__Given material__
--------------------------------------------------
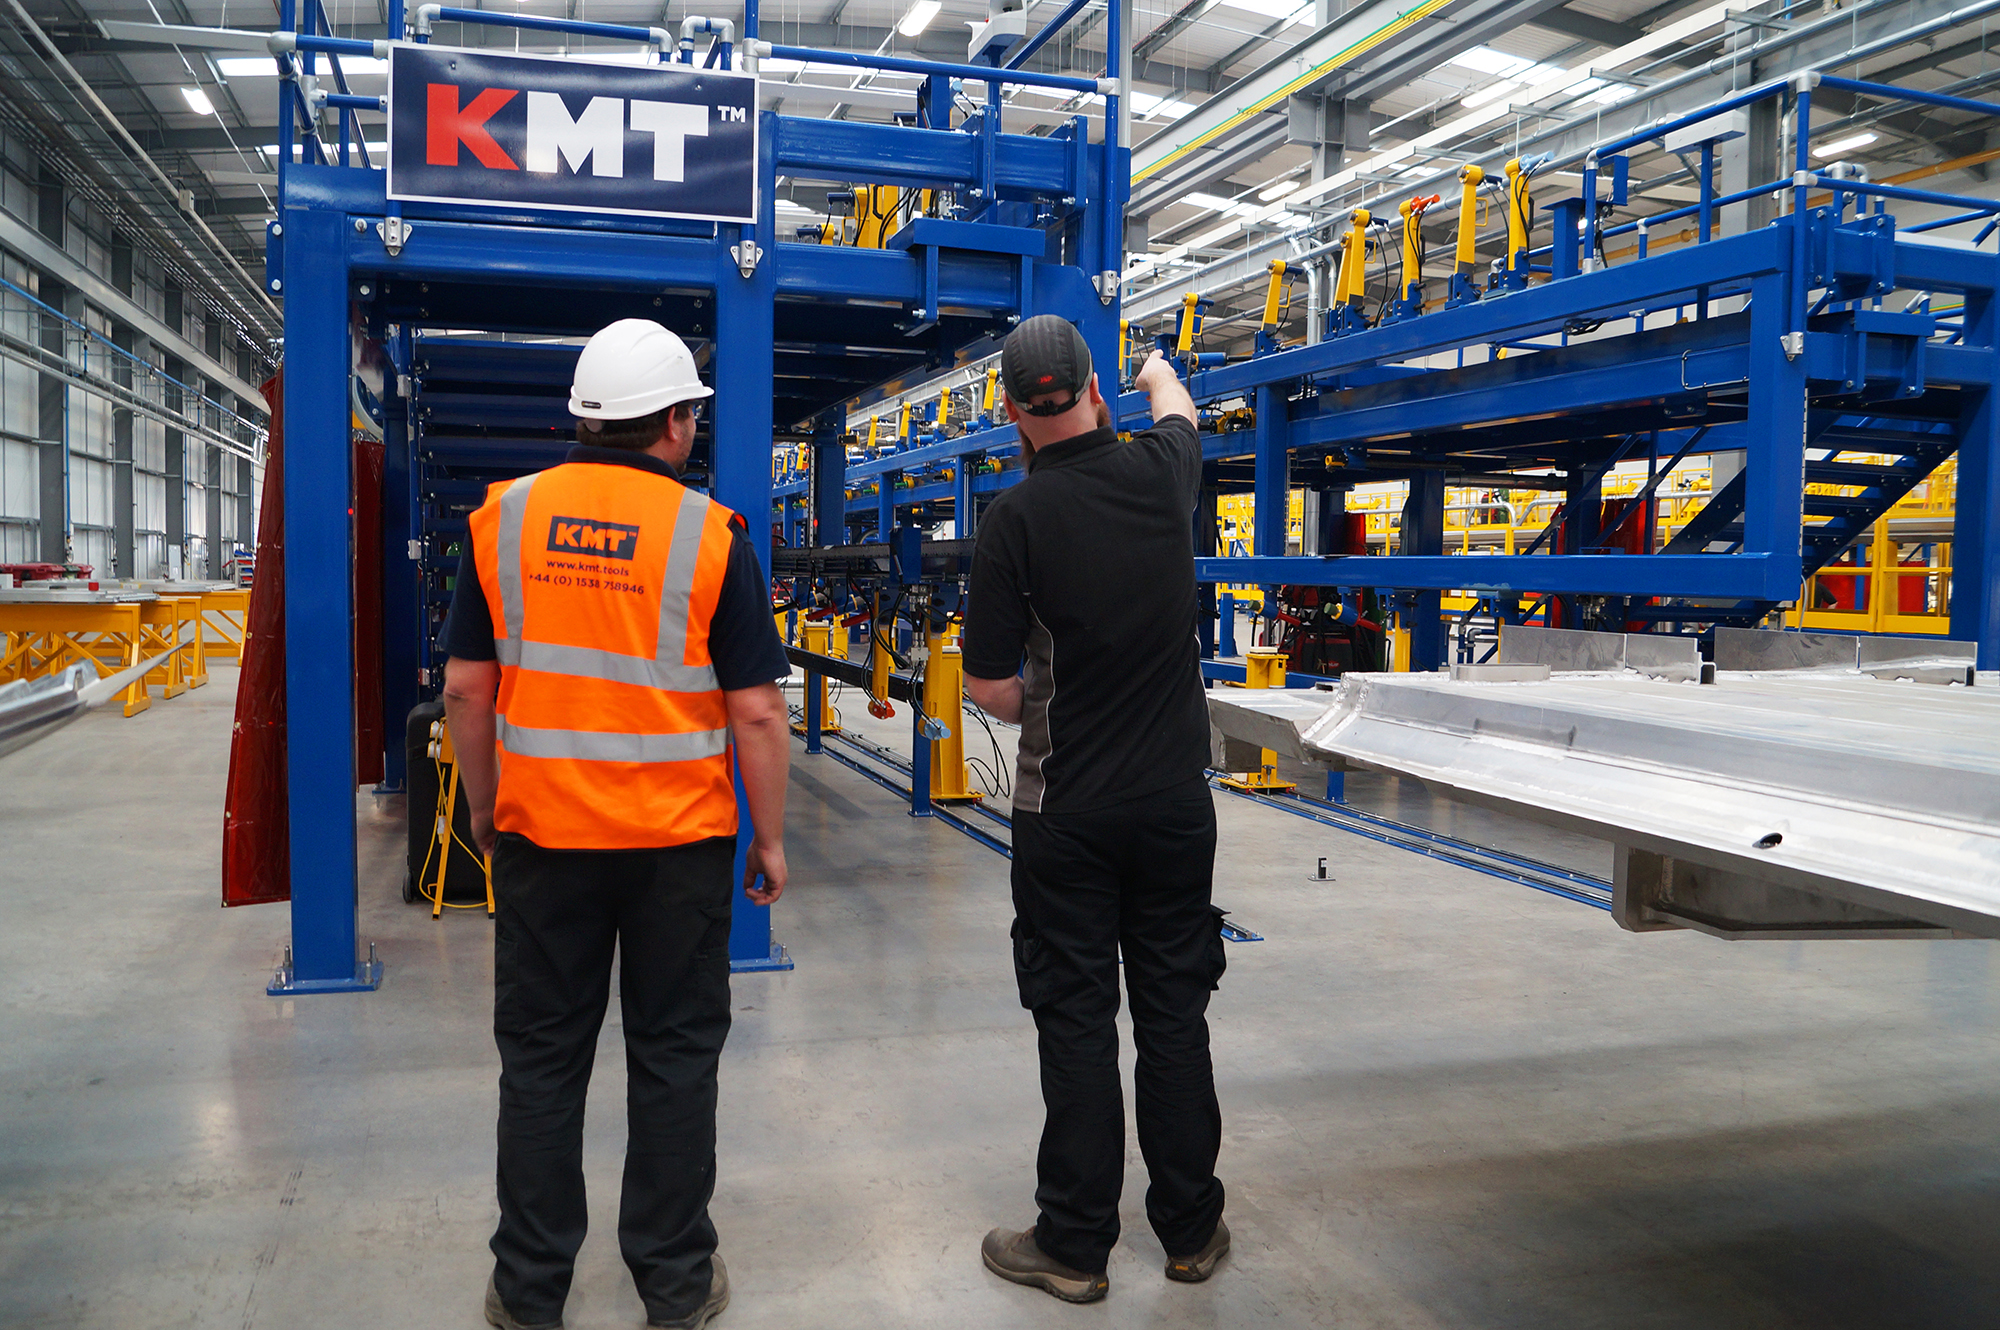 KM Tools ‘Smart Jig’ installed onsite at Hitachi Rail in Newton Aycliffe
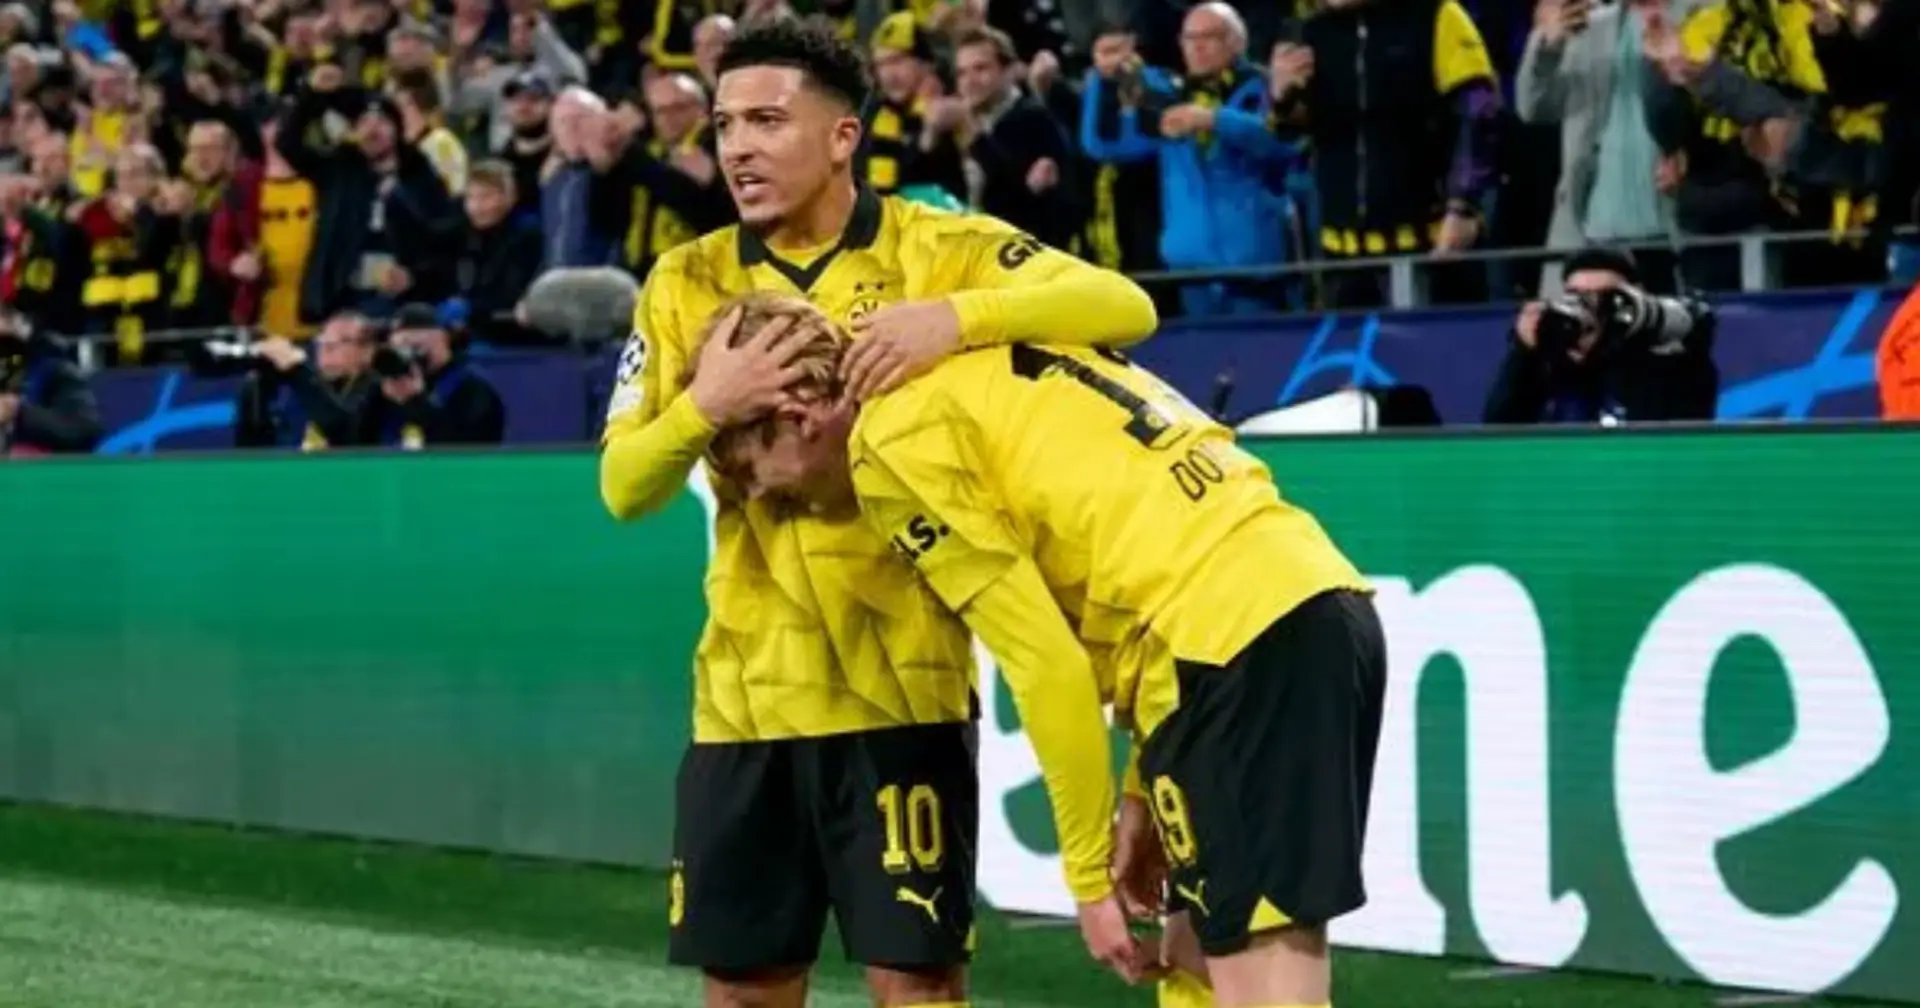 'Riding on the coat tails of his teammates': Man United fans play down Sancho's Champions League success
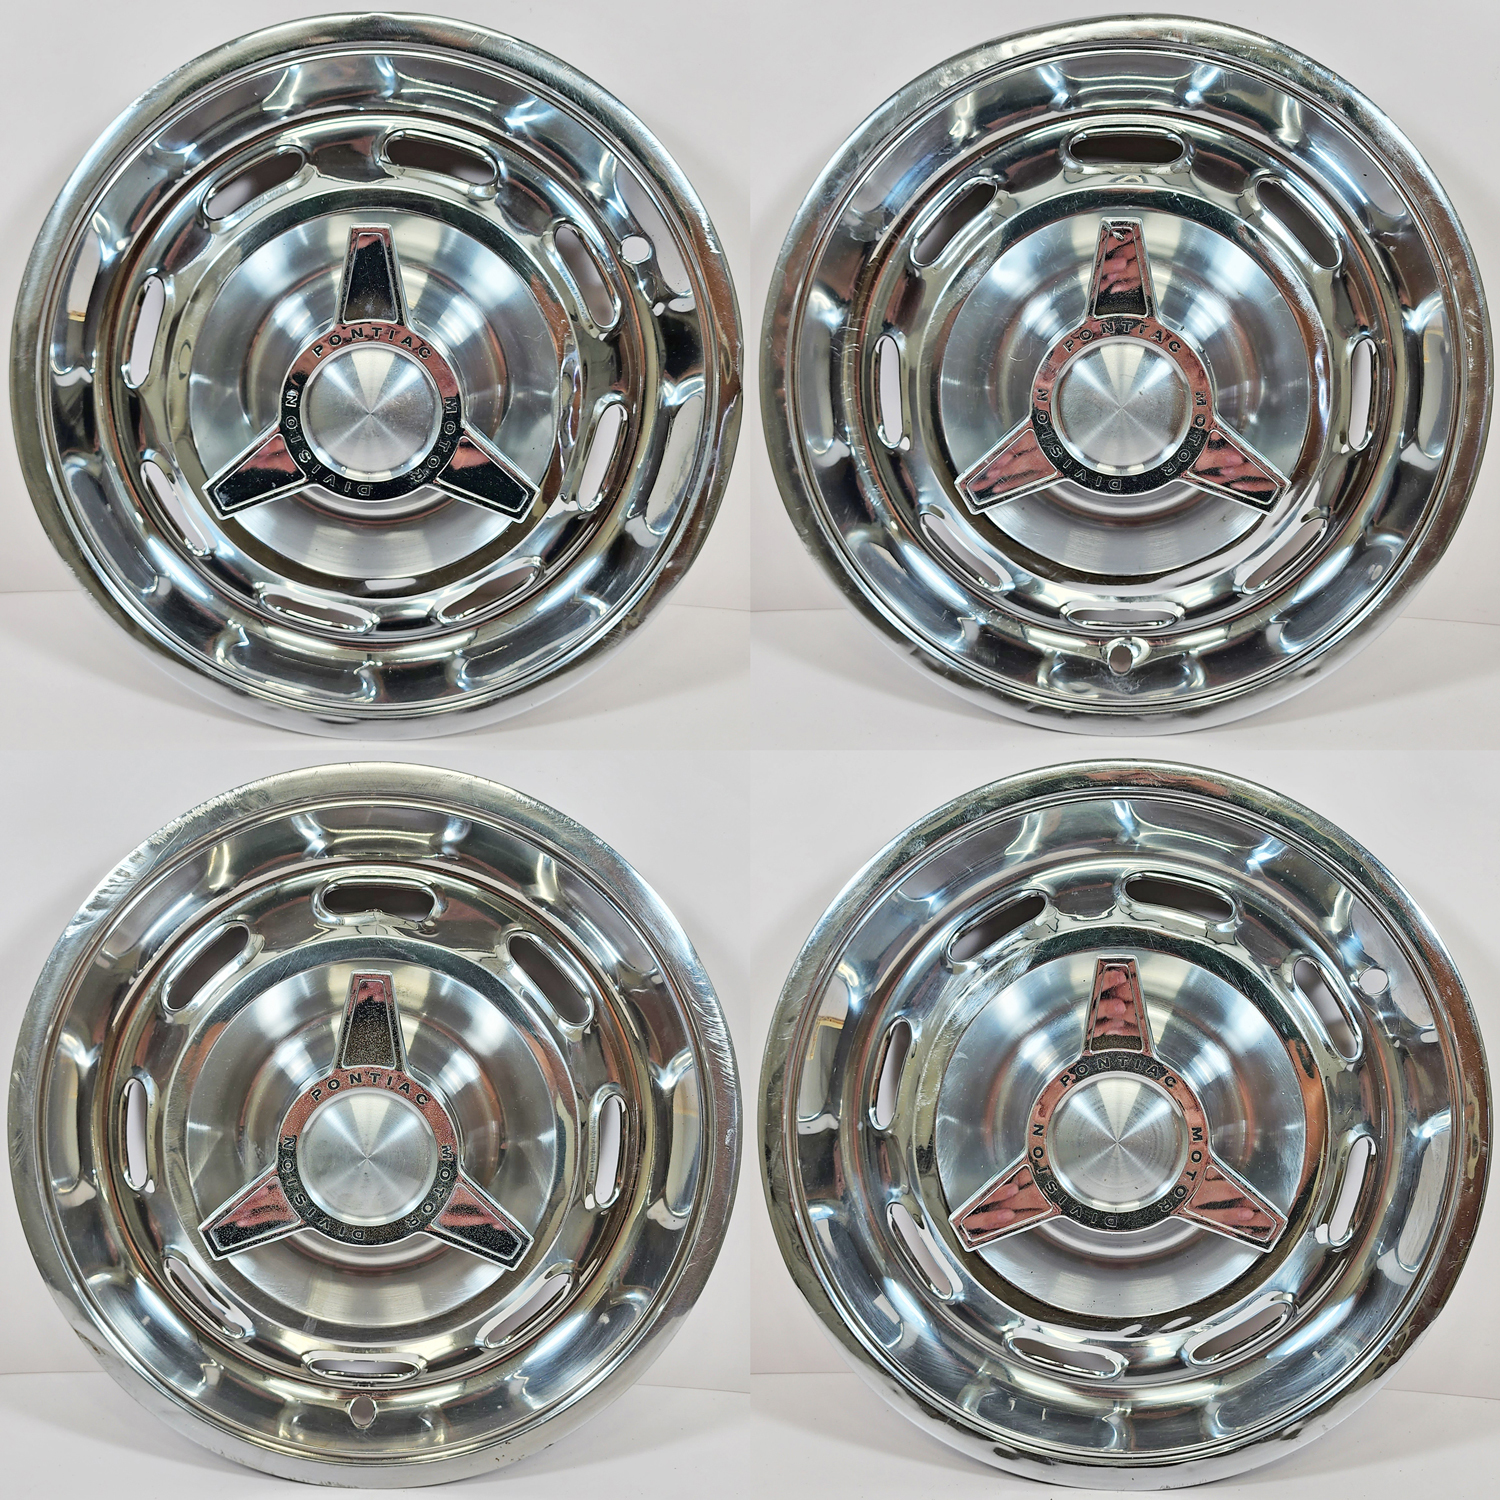 Primary image for 1964 Pontiac Tempest # 5005 14" Hubcaps / Wheel Covers OEM # 09774611 USED SET/4
--------------------------------------------------
Strip out the pictures and quote the remaining data word for word.

__The answer__
 KM Tools ‘Smart Jig’ installed onsite at Hitachi Rail in Newton Aycliffe
 'Riding on the coat tails of his teammates': Man United fans play down Sancho's Champions League success
 Primary image for 1964 Pontiac Tempest # 5005 14" Hubcaps / Wheel Covers OEM # 09774611 USED SET/4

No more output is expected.